Linux Kernel TDX Guest Quote Buffer Length Validation Vulnerability

A vulnerability in the Linux kernel's TDX guest handling has been addressed. This issue involved improper management of a host-controlled 'quote' buffer length, which could lead to unintended data exposure. In TDX environments with remote attestation, quotes can be forwarded to an attestation server and are not considered private. The vulnerability allowed contents beyond the allocated pages for the quote buffer to be read into guest userspace, potentially leaking information across container boundaries. The issue has been fixed by validating the length of the response before it is sent to the guest, ensuring that only the allocated bytes are copied and preventing any overflow or unauthorized data access.

Impact

The vulnerability could have allowed unauthorized data leakage from the host to the guest, bypassing container isolation and potentially exposing sensitive information in attestation requests.

Reproduction

The vulnerability can be reproduced in a TDX environment with remote attestation enabled.
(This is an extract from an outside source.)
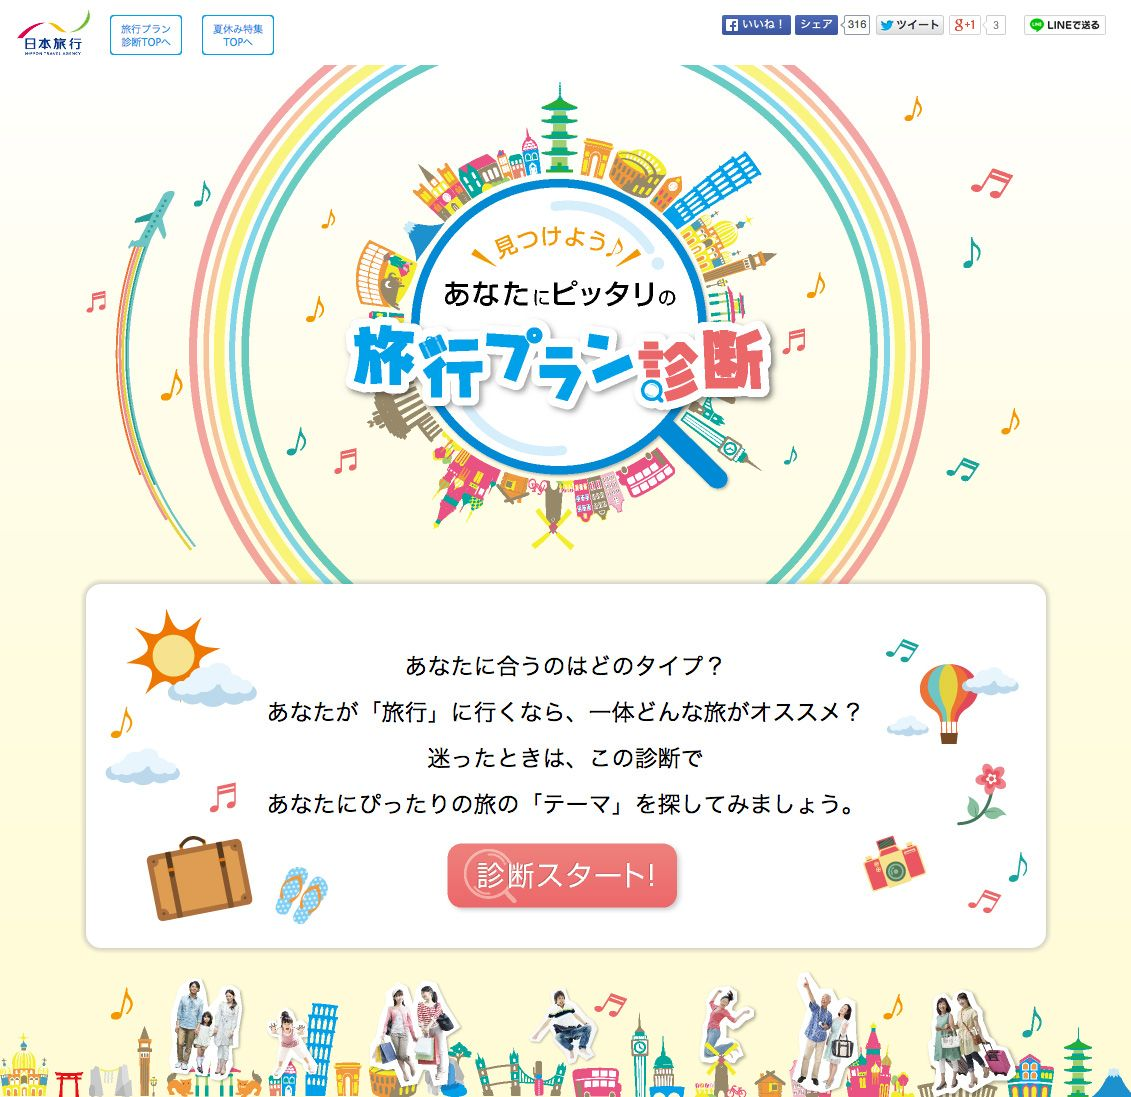 日本旅行・旅行プラン診断 http://www.nta.co.jp/summer/shindan/ | lp

When the host specifies a response length for the quote buffer that exceeds the guest's allocation, or if there is a race condition that alters the response while the guest is processing it, the vulnerability is triggered. This can result in reading data beyond the allocated buffer pages into the guest userspace.

Remediation

Users can upgrade to the latest version of the Linux kernel where this vulnerability has been fixed. Instructions for downloading the patched version are available in the Linux kernel documentation.